For instance, the WT1 gene contains oncogenic attributes like tumor progression, distant metastasis and also lymph node metastasis making the antigen very promising concerning immunotherapy of colorectal cancer. Due to its essential ability to regulate and maintain cancer cells characteristics. MAGE is also another antigen for cancer found in human malignancies developed as an immunotherapy strategy for patients with colorectal cancer (Kajihara et al., 2016) . Therefore, the treatment of colorectal cancer depends on various factors like the health status of patient, stage, spread, and location of cancer. The available treatment options for colorectal cancer are surgery, chemotherapy, and radiotherapy (Koido et al., 2013). Chemotherapy uses either chemical or medicine to annihilate cancer cells. Radiotherapy uses high-intensity radiations to damage and curbs the cancer cells from multiplication.
References
Kajihara, M., Takakura, K., Kanai, T., Ito, Z., Saito, K., & Takami, S. et al. (2016). Dendritic cell-based cancer immunotherapy for colorectal cancer. World Journal of Gastroenterology , 22 (17), 4275. doi: 10.3748/wjg.v22.i17.4275
Koido, S., Ohkusa, T., Homma, S., Namiki, Y., Takakura, K., Saito, K., & Arihiro, S. (2013). Immunotherapy for colorectal cancer. World journal of gastroenterology: WJG , 19 (46), 8531.

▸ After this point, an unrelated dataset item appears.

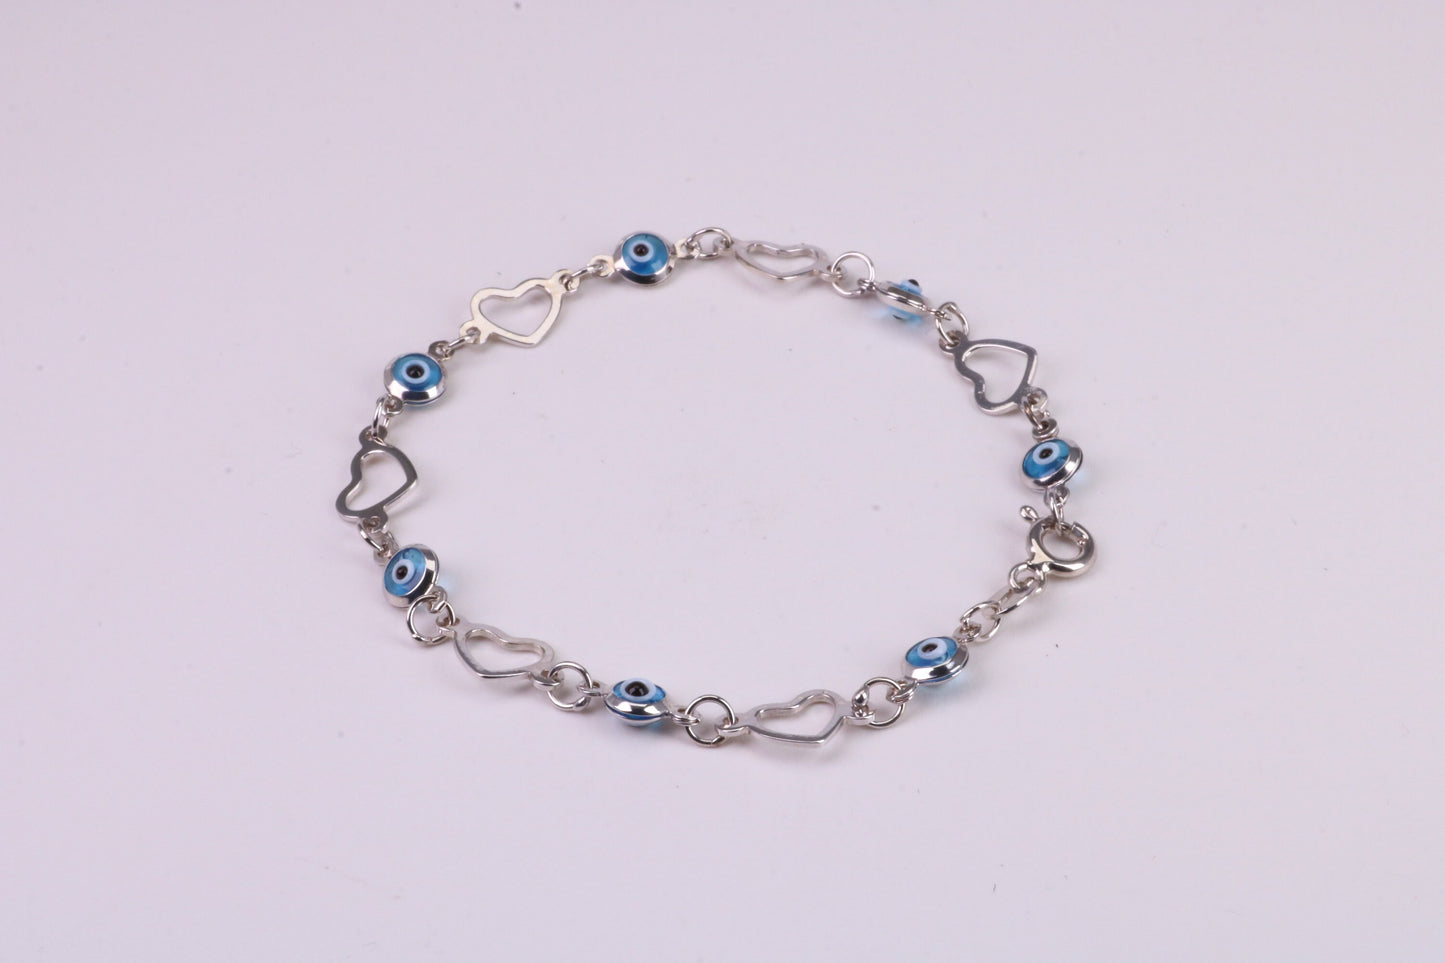 Evil Eye Protector Love Hearts Bracelet, Made from solid Sterling Silver
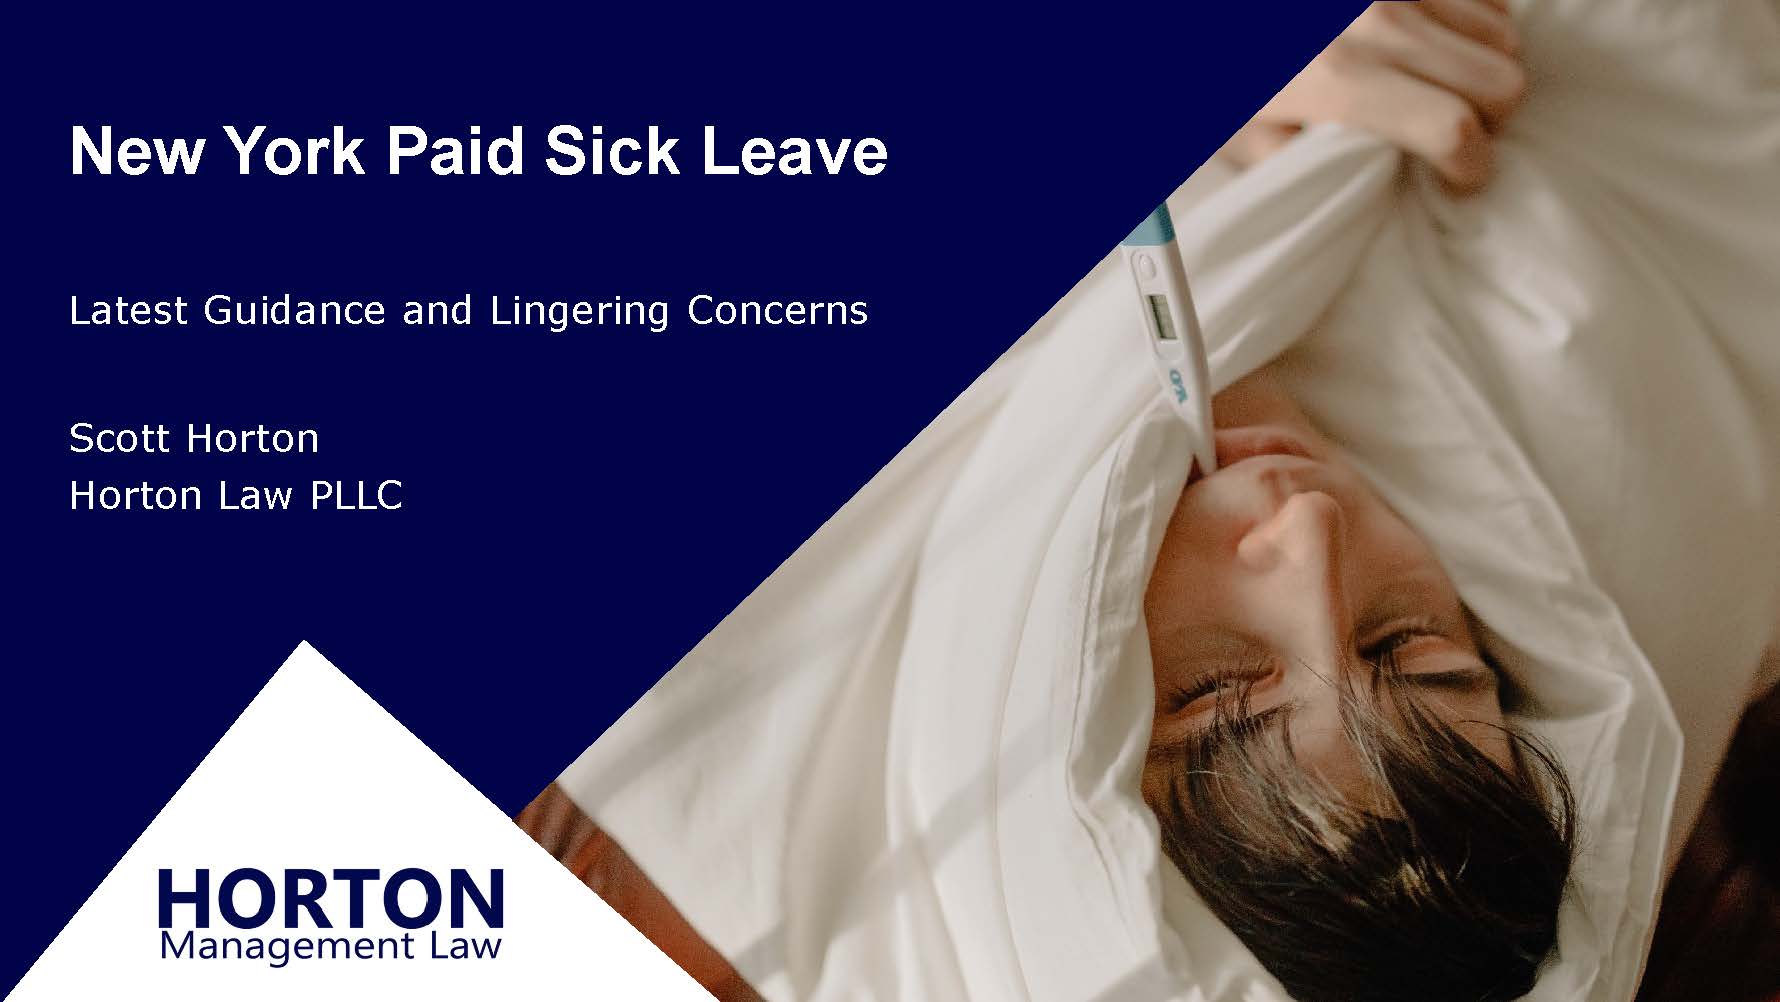 New York Paid Sick Leave

Patel, S. P., & Kurzrock, R. (2015). PD-L1 expression as a predictive biomarker in cancer immunotherapy. Molecular cancer therapeutics , 14 (4), 847-856.
Xiang, B., Snook, A. E., Magee, M. S., & Waldman, S. A. (2013). Colorectal cancer immunotherapy. Discovery medicine , 15 (84), 301.
Xiao, Y., & Freeman, G. J. (2015). The microsatellite instable subset of colorectal cancer is a particularly good candidate for checkpoint blockade immunotherapy. Cancer discovery , 5 (1), 16-18.